GMAC, owned by private equity firm Cerberus
GMAC is looking to swap $38 billion of outstanding debt for a smaller amount of new debt, as well as preferred shares and cash, in an effort to raise the capital it needs to qualify as a bank and reduce debt load.
As a bank, GMAC would be eligible for government support including guarantees of new debt that it issues. The company could also apply for billions of dollars of capital under the United States' $700 billion Troubled Asset Relief Program.
GMAC said that so far, investors holding about $6.3 billion of its debt, or about 22 percent of eligible bonds, have agreed to swap their securities. For the company's Residential Capital mortgage unit, holders of about $2.0 billion, or 21 percent, of outstanding notes have agreed. Investors can exchange debt later under less favorable terms.
In both cases, those amounts are well short of the 75 percent approval GMAC needs for the exchange to go through. A successful exchange would help GMAC raise the $30 billion of regulatory capital required for it to become a bank.
GMAC said last month that without bank holding company status, it would likely have to sell assets and take other extraordinary measures to make good on its obligations.

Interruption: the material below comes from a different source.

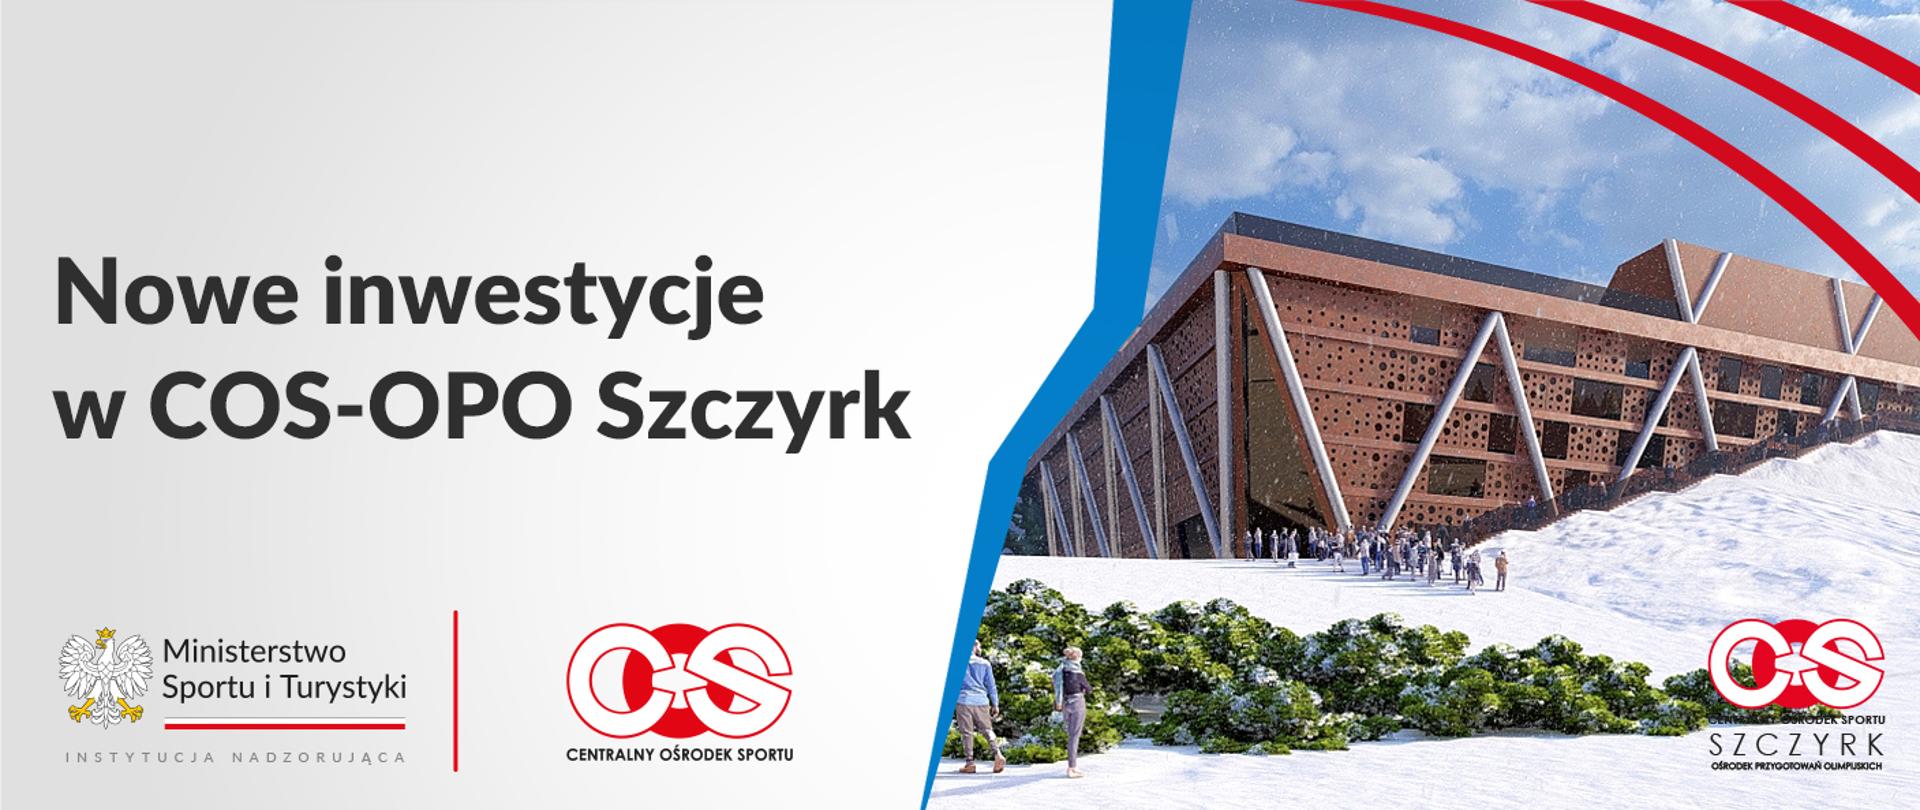 Nowe inwestycje w COS-OPO w Szczyrku; plansza z wizualizacją planowanej inwestycji w Sczyrku na Kubalonce

"If GMAC is unable to successfully convert to a bank holding company and complete the GMAC and ResCap offers by December 31, 2008, it would have a near-term material adverse effect on GMAC's business, results of operations, and financial position," the company said in a statement on Wednesday.
But analysts said the company's survival is at stake. If the company does not become a bank, it risks violating the terms of its lending agreements, or covenants.
"If they don't get a waiver on those covenants, they probably don't have any alternative to filing for bankruptcy protection," said Sean Egan, managing director at ratings agency Egan-Jones Ratings Co.
GMAC, which has been the primary lender to GM customers but has curbed loans to borrowers who do not have good credit, lost $2.52 billion in the third quarter, its fifth straight quarterly loss.
GMAC's 5.85 percent notes due in January 2009 fell to 89 cents on the dollar, down from 94.125 cents on Tuesday, according to MarketAxess.